Overall, both LSCM and CCK-8 results verified that DOX-loaded copolymer vesicles can effectively target cancer cells, and also improve the efficiency of anticancer drugs and reduce their toxicity to normal cells. This may be because the surface of the cancer cell membrane possesses more negative charges than normal cells [43]. Kim et al. reported nanoparticles processing different cytotoxicity to cancer cells and normal cells [44]. They also reported that the interactions between the membrane and the vesicles were mainly affected by electrostatic and hydrophobic properties. Thus, the selectivity mechanism of PCL₁₆-b-K₂₀ vesicles was similar to the process they mentioned. Compared with normal cells, PCL₁₆-b-K₂₀ vesicles can be absorbed onto the surface of cancer cells more easily via electrostatic interaction. Afterwards, the drug carriers are swallowed by cancer cells.
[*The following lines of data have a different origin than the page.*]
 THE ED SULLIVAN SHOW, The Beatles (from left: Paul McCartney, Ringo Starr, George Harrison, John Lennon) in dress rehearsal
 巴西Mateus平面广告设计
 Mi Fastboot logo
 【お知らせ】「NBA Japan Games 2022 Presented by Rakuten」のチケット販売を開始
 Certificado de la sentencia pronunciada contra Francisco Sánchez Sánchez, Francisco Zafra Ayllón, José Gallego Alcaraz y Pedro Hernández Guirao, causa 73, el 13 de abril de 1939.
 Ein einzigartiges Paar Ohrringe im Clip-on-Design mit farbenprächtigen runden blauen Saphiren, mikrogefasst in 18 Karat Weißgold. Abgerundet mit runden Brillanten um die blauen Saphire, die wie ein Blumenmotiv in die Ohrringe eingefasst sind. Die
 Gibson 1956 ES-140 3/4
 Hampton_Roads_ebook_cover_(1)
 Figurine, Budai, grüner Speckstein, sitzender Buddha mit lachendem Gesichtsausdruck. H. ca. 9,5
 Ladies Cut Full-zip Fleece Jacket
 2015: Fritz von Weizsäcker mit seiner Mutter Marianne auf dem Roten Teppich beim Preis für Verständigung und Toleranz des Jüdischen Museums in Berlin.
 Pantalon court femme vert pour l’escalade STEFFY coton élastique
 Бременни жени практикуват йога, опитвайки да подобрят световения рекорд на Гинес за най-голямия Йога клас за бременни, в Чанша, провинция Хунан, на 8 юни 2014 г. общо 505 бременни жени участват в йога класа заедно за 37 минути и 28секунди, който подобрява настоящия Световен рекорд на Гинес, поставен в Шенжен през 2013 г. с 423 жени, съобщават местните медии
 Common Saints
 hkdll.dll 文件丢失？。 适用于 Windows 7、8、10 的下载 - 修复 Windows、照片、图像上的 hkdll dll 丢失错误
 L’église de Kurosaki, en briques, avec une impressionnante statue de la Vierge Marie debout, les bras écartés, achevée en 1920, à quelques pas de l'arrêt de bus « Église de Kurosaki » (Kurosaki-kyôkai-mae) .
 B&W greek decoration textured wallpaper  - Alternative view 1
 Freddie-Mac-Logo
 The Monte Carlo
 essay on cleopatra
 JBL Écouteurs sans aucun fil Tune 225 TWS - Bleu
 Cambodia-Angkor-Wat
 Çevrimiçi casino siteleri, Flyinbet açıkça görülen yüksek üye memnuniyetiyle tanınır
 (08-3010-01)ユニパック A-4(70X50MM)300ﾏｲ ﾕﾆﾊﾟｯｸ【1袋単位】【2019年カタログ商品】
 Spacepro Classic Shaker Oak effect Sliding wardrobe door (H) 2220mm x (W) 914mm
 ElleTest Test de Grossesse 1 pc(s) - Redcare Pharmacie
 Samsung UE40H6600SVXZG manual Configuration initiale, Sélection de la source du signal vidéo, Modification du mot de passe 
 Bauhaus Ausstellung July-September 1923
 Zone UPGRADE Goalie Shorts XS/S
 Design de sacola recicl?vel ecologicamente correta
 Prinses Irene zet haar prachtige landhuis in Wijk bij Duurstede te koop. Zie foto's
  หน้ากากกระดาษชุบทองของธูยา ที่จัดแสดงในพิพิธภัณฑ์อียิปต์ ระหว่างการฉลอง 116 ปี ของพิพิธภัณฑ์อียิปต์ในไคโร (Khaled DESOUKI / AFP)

The immune ability of patients after chemotherapy is very low and antibiotics are usually required. However, traditional antibiotics may lead to serious side-effects for patients who have undergone chemotherapy. In addition, the abuse of antibiotics has led to the emergence of more drug-resistant pathogens. Compared with traditional antibiotics, AMPs can kill bacteria effectively and will not induce resistance due to its special antibacterial mechanism. Compared with reported drug deliver nanoparticles, PCL₁₆-b-K_n copolymers vesicles can not only be used as a drug carrier, but also can be used as a novel antibiotic to inhibt bacterial infection.

4. Conclusions

In summary, PCL₁₆-b-K_n copolymers mimicking AMPs not only exhibited broad antibacterial capability but could also self-assemble into vesicles, with hydrophilic polylysine and hydrophobic PCL forming the corona and membrane, respectively. The sizes and morphologies of vesicles were detected by DLS and TEM, respectively, confirming the formation of uniform vesicles. This kind of vesicles could encapsulate and release drugs. Drug-loaded vesicles could also achieve controlled intracellular drug release and effective killing capability against cancer cells with low cytotoxicity to normal cells. Therefore, the amphiphilic block copolymer vesicles could function as multifunctional drug carriers in nanomedicine for cancer therapy.